There are various protocols being developed for clinical EVLP. Here we discuss briefly the one published recently by the Toronto Lung Transplant Group.¹³ The donor lungs are harvested in standard fashion and undergo a period of hypothermic preservation. Subsequently, they are brought to the center for EVLP where they are removed from the hypothermic preservative. The lungs are transferred to the perfusion chamber and the left atrium and PA on the donor lungs cannulated. The lungs are perfused with special acellular perfusate. Retrograde flow is initially performed to de-air the lungs through the PA cannula. The PA cannula is then connected to the circuit and antegrade flow is started with the perfusate at room temperature. As the lungs get warmed to about 32 degrees, ventilation is started and the perfusate flow rate gradually increased. The target maximum maintenance perfusate rate is about 40% of the estimated cardiac output. The flow of gas used to deoxygenate and provide carbon dioxide to the inflow perfusate via a gas exchange membrane is started at 1 L/min. A protective mode of mechanical ventilation is applied using a tidal volume of 7 mL/kg of ideal donor body weight, positive end-expiratory pressure (PEEP) of 5 cm H₂O, and an inspired oxygen fraction (Fio₂) of 21% (Fig. 109-5). The lungs are recruited with a peak airway pressure of 20 cm H₂O every hour.

EVLP is done for 4 hours. Following completion, the lungs are cooled down in the circuit to 10°C over 10 minutes. Subsequently, perfusion and ventilation are stopped and the trachea is clamped to maintain the lungs in an inflated state. The lungs are then preserved at 4°C in Perfadex® until transplantation.

Before anesthesia is induced, most of our patients have epidural catheters placed. If cardiopulmonary bypass (CPB) is planned, we do not place an epidural because of the requirement for heparinization during CPB. Double-lumen endotracheal intubation is routine. When the indication for transplantation is septic lung disease (e.g., CF or bronchiectasis), the patients are intubated initially with a large single-lumen endotracheal tube to permit vigorous suctioning of purulent secretions through an adult fiberoptic bronchoscope. This step maximizes the effective ventilation during independent lung ventilation and decreases the likelihood that CPB will be required.

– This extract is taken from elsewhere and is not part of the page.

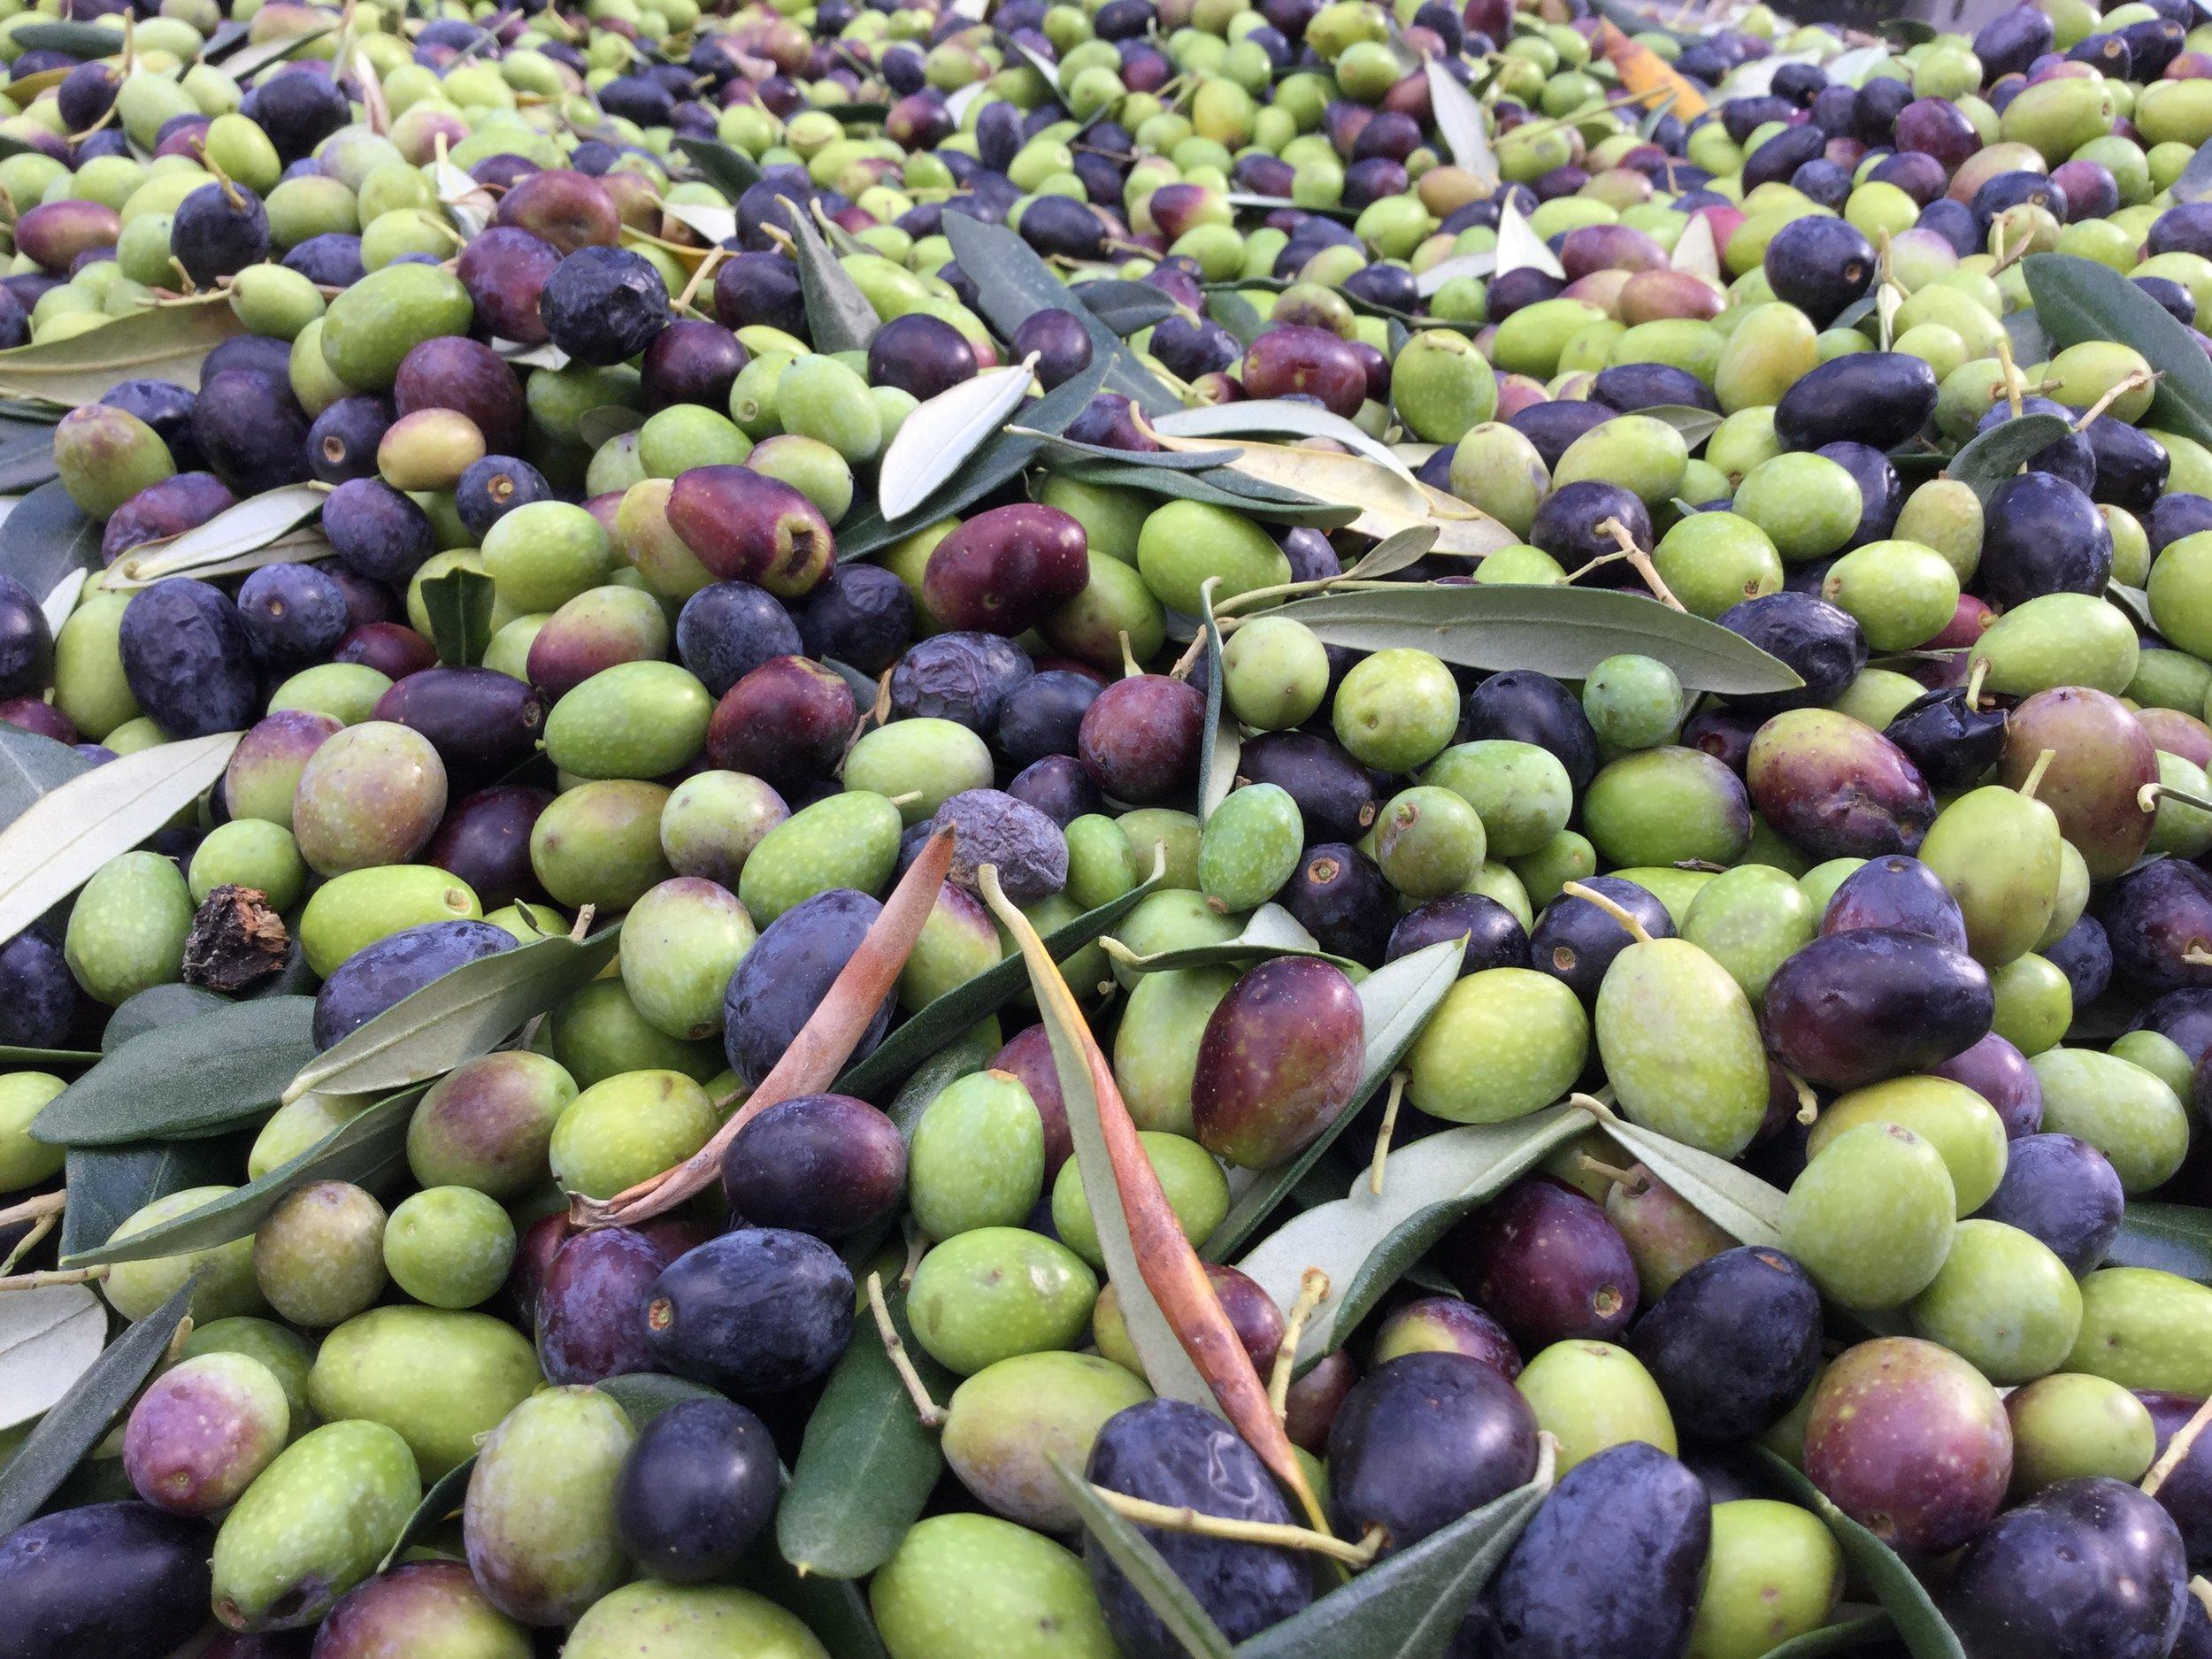 olives-just-picked_24690676388_o.jpg

Routine monitoring devices include a Swan–Ganz catheter, radial and femoral arterial lines, Foley catheter, and a transesophageal echocardiography probe. For bilateral sequential lung transplants, the patient is positioned supine with all extremities padded and arms tucked in at the sides. A pillow is placed behind the knees to prevent hyperextension and peroneal nerve palsy, which can result from prolonged hyperextension of the knees. A heating blanket is placed up to the mid-abdomen. If a posterolateral thoracotomy is used for a single-lung transplant recipient, the patient is positioned in the appropriate lateral decubitus position.

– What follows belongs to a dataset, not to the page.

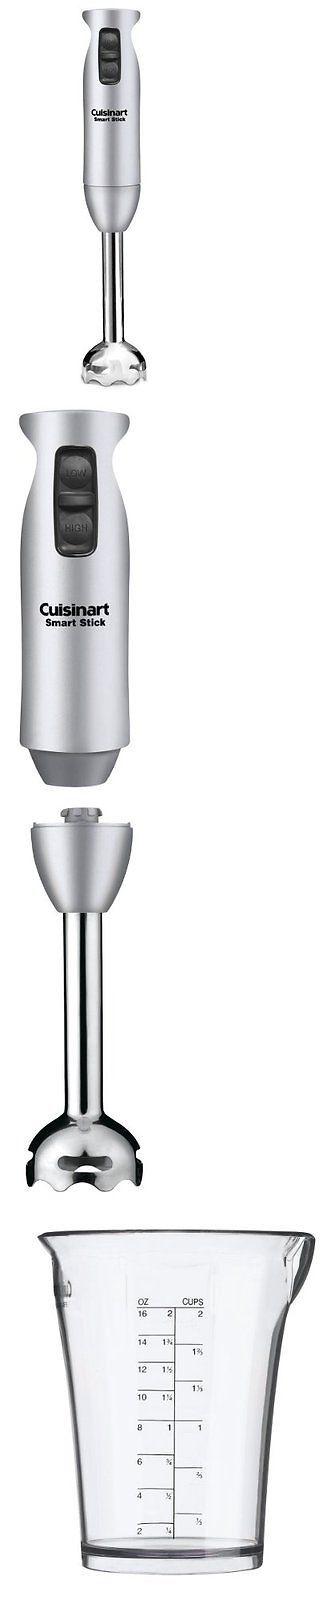 Blenders Handheld 133703: Cuisinart Smart Stick Hand Held Blender Mixer, Brushed Chrome Free Shipping, New -> BUY IT NOW ONLY: $34.79 on eBay!

CPB is used routinely for children, for lobar transplants, for patients in whom a double-lumen tube cannot be placed (small adults), whenever intracardiac procedures are indicated, and for most patients with pulmonary hypertension. For most of our patients, however, we do not use CPB (but we prepare to do so should it be emergently required). We also do not routinely use the cell saver because the majority of our transplants are performed with less than 500 mL of blood loss.